Today’s Conference Call and Webcast
The Company will conduct a conference call today, Monday, August 6th, 2018 at 5:00 p.m. ET to review financial and operating results for the quarter ended June 30, 2018. In order to participate in the conference call, please dial 877-303-6235 (domestic) or 631-291-4837 (international) and refer to conference ID 2383816. The live webcast can be accessed under "Events & Presentations" in the Investors & Media section of the Company’s website at www.fatetherapeutics.com. The archived webcast will be available on the Company’s website beginning approximately two hours after the event.

About FATE-NK100
FATE-NK100 is an investigational, first-in-class, allogeneic donor-derived natural killer (NK) cell cancer immunotherapy comprised of adaptive memory NK cells, a highly specialized and functionally distinct subset of activated NK cells expressing the maturation marker CD57. Higher frequencies of CD57+ NK cells in the peripheral blood or tumor microenvironment in cancer patients have been linked to better clinical outcomes. In August 2017, non-clinical data describing the unique properties and anti-tumor activity of FATE-NK100 were published by Cancer Research (doi:10.1158/0008-5472.CAN-17-0799), a peer-reviewed journal of the American Association of Cancer Research. Three clinical trials of FATE-NK100 are currently being conducted: VOYAGE for the treatment of refractory or relapsed acute myelogenous leukemia; APOLLO for the treatment of recurrent ovarian cancer; and DIMENSION for the treatment of advanced solid tumors, including in combination with monoclonal antibody therapy.

About ProTmune
ProTmune is an investigational next-generation hematopoietic cell graft for the prevention of acute graft-versus-host disease (GvHD) in patients undergoing allogeneic hematopoietic cell transplantation (HCT). ProTmune is manufactured by pharmacologically modulating a donor-sourced, mobilized peripheral blood graft ex vivo with two small molecules (FT1050 and FT4145) to decrease the incidence and severity of acute GvHD while maintaining the anti-leukemia activity of the graft. ProTmune has been granted Orphan Drug and Fast Track Designations by the U.S. Food and Drug Administration, and Orphan Medicinal Product Designation by the European Commission. ProTmune is currently being investigated in a randomized, controlled and double-blinded Phase 2 clinical trial in adult subjects with hematologic malignancies undergoing matched unrelated donor HCT.

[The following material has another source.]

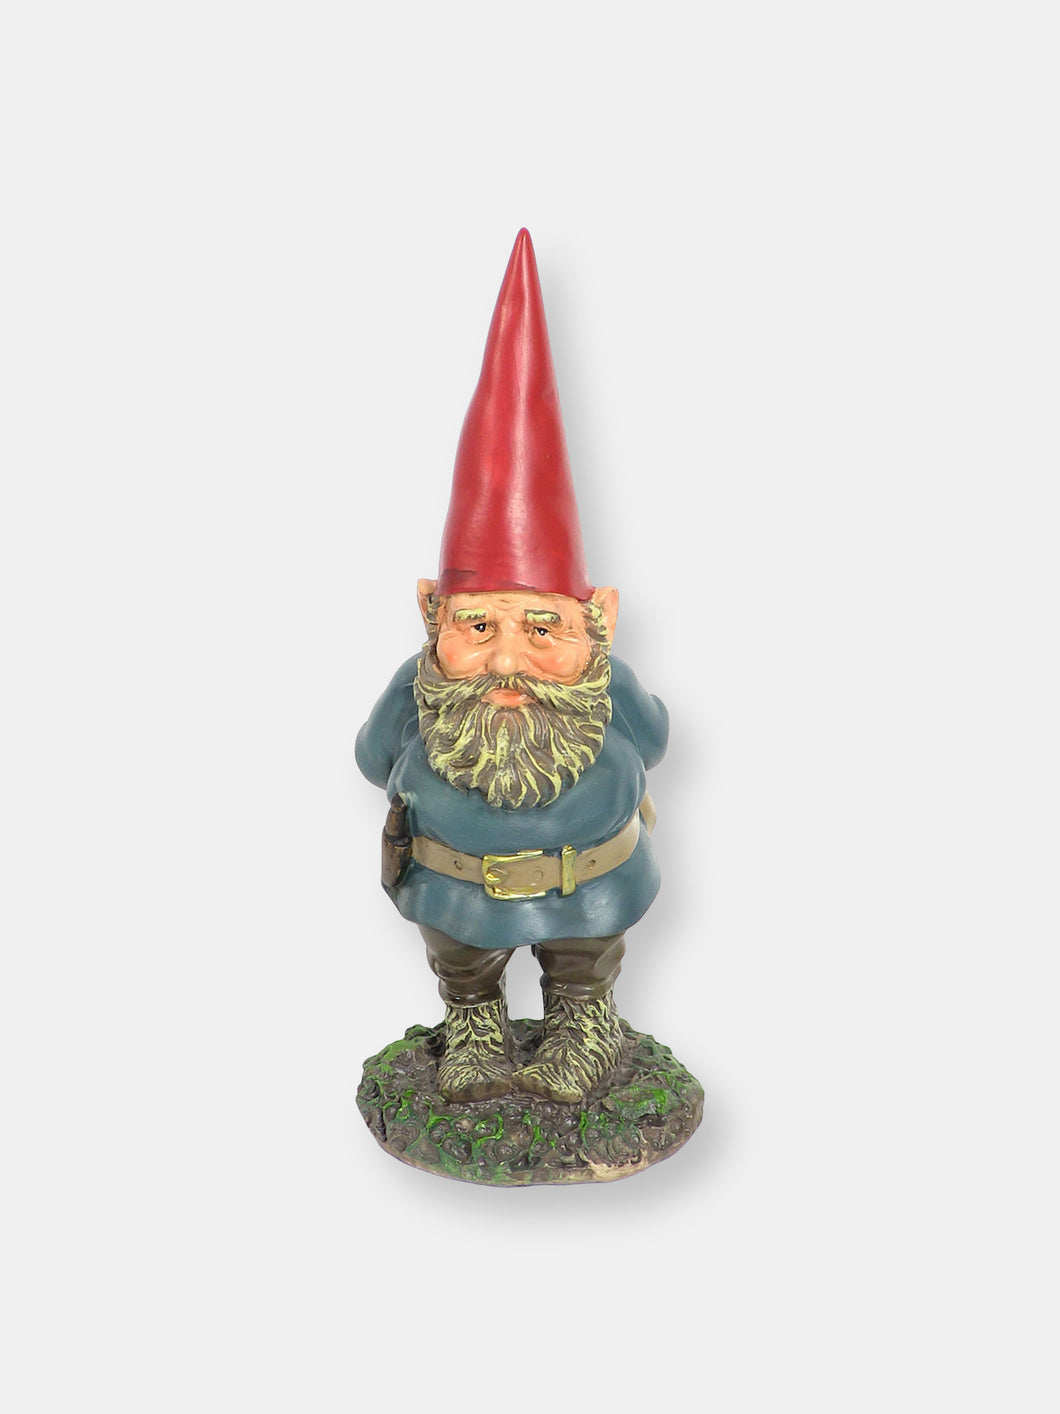 Gus the Original Gnome Statue - Outdoor Lawn and Garden Decor - 9.5

About Fate Therapeutics’ iPSC Product Platform
The Company’s proprietary iPSC product platform enables mass production of off-the-shelf, engineered, homogeneous cell products that can be administered in repeat doses to mediate more effective pharmacologic activity, including in combination with cycles of other cancer treatments. Human iPSCs possess the unique dual properties of unlimited self-renewal and differentiation potential into all cell types of the body. The Company’s first-of-kind approach involves engineering human iPSCs in a one-time genetic modification event, and selecting a single iPSC for maintenance as a clonal master iPSC line. Analogous to master cell lines used to manufacture biopharmaceutical drug products such as monoclonal antibodies, clonal master iPSC lines are a renewable source for consistently and repeatedly manufacturing homogeneous cell products in quantities that support the treatment of patients in an off-the-shelf manner. Fate Therapeutics’ iPSC product platform is supported by an intellectual property portfolio of over 100 issued patents and 100 pending patent applications.